Esta foi a conclusão de Eliomar Coelho na audiência pública realizada no Ministério Público Federal com o objetivo de discutir o impacto dos megaeventos na cidade. Segundo o parlamentar, é dever da prefeitura planejar, negociar com os moradores e respeitar os direitos das comunidades.

– Estamos de acordo com a realização das Olimpíadas e da Copa do Mundo. Até os moradores da periferia estão de acordo. Mas, ao menos, eles deveriam saber com antecedência quais são as comunidades que se encontram no trajeto das obras, deveria se estabelecer com esses moradores um cronograma. Pode ser um casa humilde mas isso não importa; o que importa, é que eles conseguiram construir, são pessoas do bem, batalhadoras.

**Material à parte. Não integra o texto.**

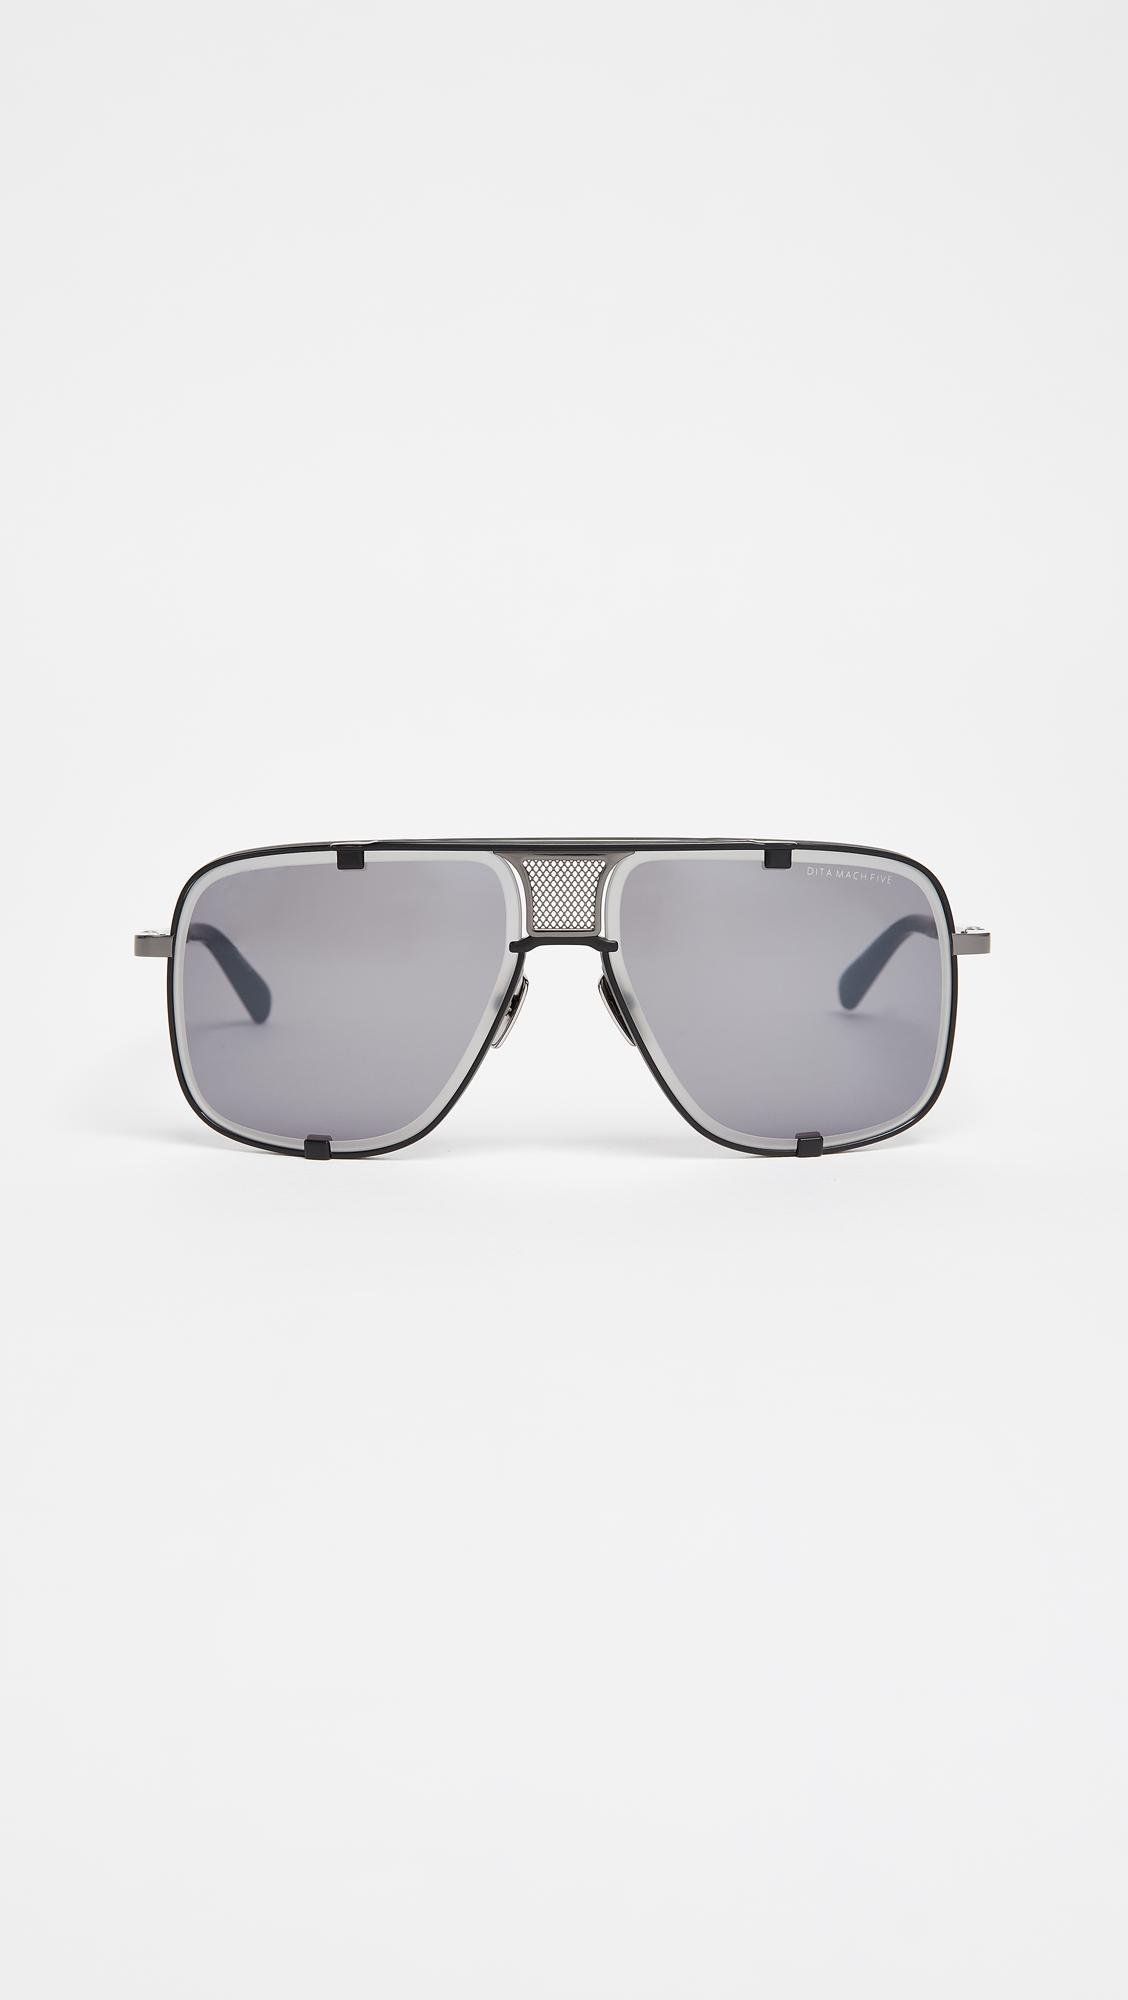 2607f21295f0 Lyst - DITA Mach Five Limited Edition Sunglasses in Gray
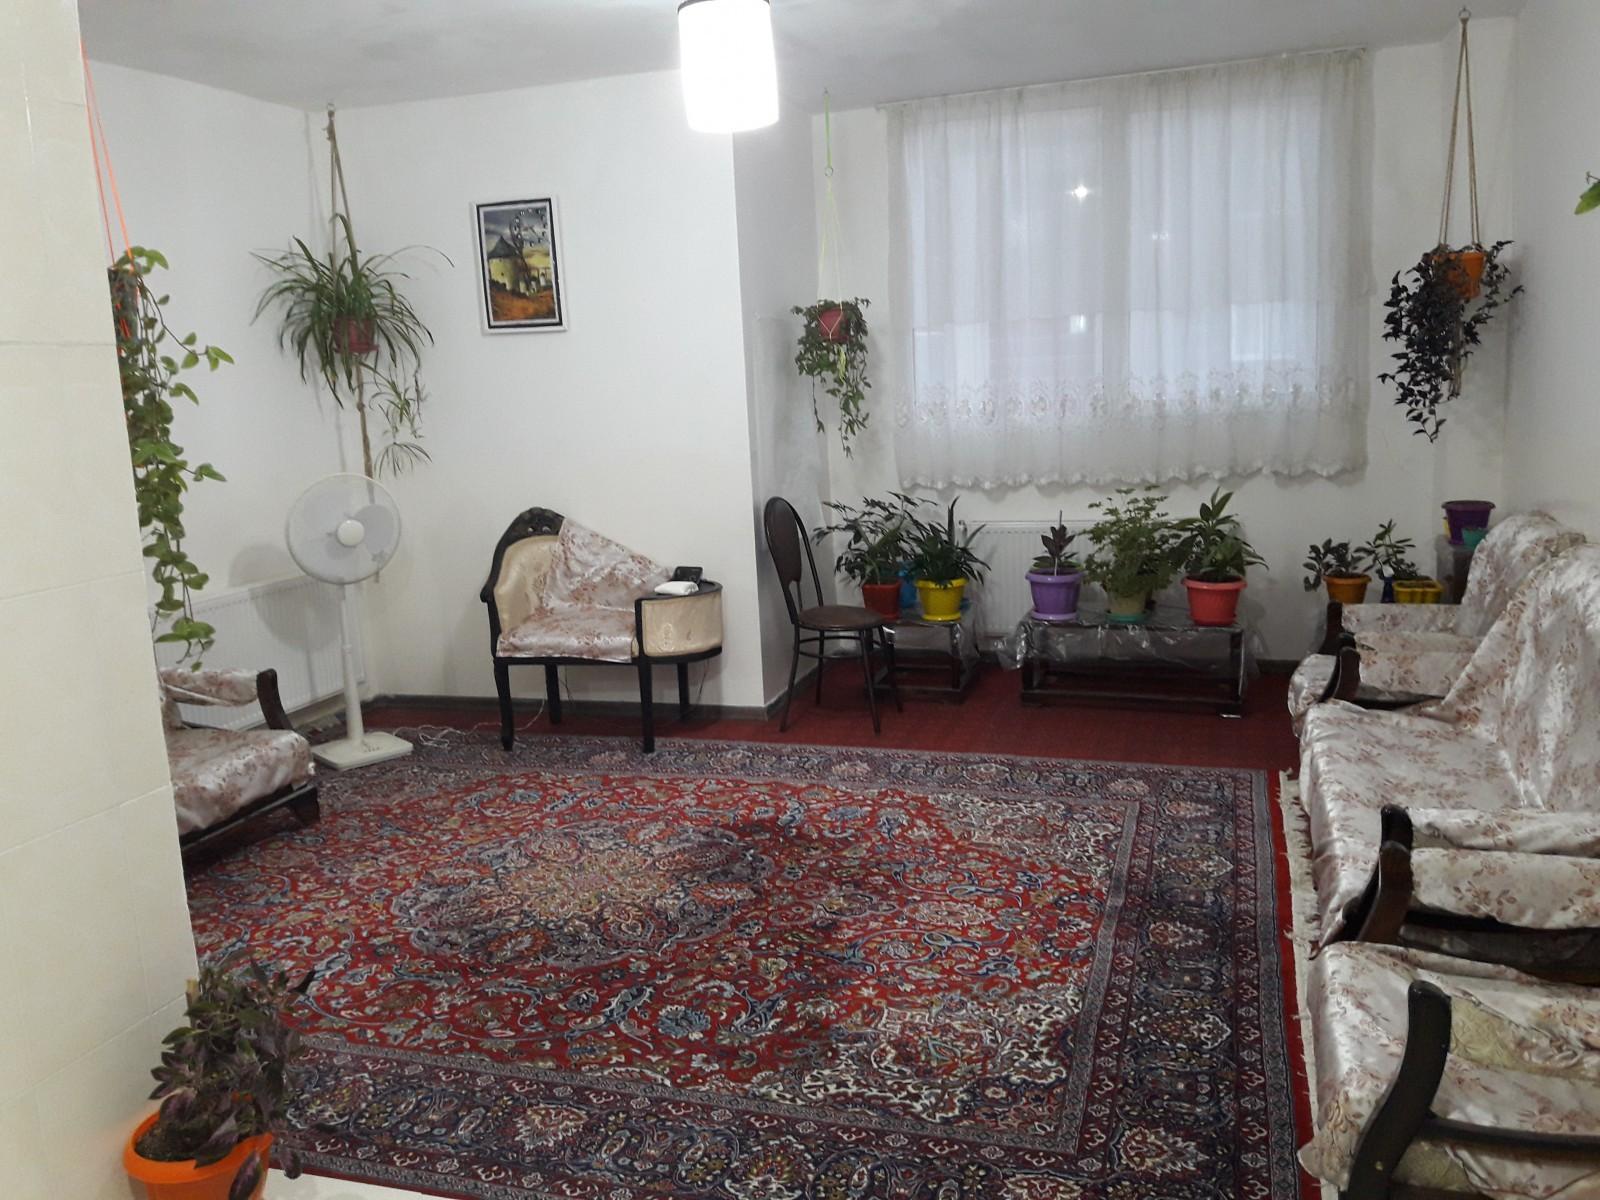 Countryside سوئیت دربستی در خوانسار اصفهان

Eliomar lembrou que a vocação do MPF é exercer o controle, ser o fiscal e buscar a correção e a verdade. Participaram da audiência, entre outros, o procurador-geral da Justiça, Leonardo de Souza, as procuradoras-gerais da República, Gisele Porto e Aline Caixeta , Maurício Hora, do Conselho Popular, Erika Glória, presidente do Comitê popular da Copa e Olimpíada, o defensor público do estado, Francisco Horta Filho, e representantes de comunidades.

– Vamos identificar essas comunidades e impedir que essas práticas ocorram. O resultado social disso é que famílias foram dormir na praia, não tinham para onde ir. E até hoje determinados moradores ainda permanecem morando na rua. Indenizações justas e prévias deveriam ser acordadas com esses moradores. Eles não podem sair de qualquer maneira e nem sair para morar a 60 km de distância. É contra isso que eu estou brigando -, afirmou Eliomar, acrescentando que, até agora, obteve 13 das 17 assinaturas necessárias para instalar a CPI das Remoções que solicitou à Mesa Diretora da Câmara Municipal.

A moradora Rosiete, do Morro da Providência, relatou que, casas antigas, erguidas há um século, foram marcadas para demolição com a desculpa de que estão em áreas de risco. Segundo ela, os moradores recebem um convocação e depois um papel sem nenhum valor da prefeitura.

– Não queremos plano inclinado, teleférico. Vivemos lá há um século e meio e exigimos respeito. Não queremos obras para tirar os moradores das suas casas -, disse Rosiete.

Segundo o defensor Francisco Horta, a lógica de apartar o pobre com o progresso é muito triste e invertida. Ele ponderou que a Defensoria Pública quer melhorias para a cidade mas não pode compactuar com a forma como vem sendo feitas as remoções. Segundo Erika Glória, pelo menos 300 crianças de famílias que foram removidas para Zona Oeste não conseguiram vaga em escolas. Ela assinalou também o grande risco de a mudança incorrer na perda do emprego.

– Queremos diálogo, antes da retroescavadeira chegar à porta da casa. Isso não é diálogo, é imposição. O que eles (agentes da prefeitura) oferecem é o pouco, ou dormir na praia -, disse Horta.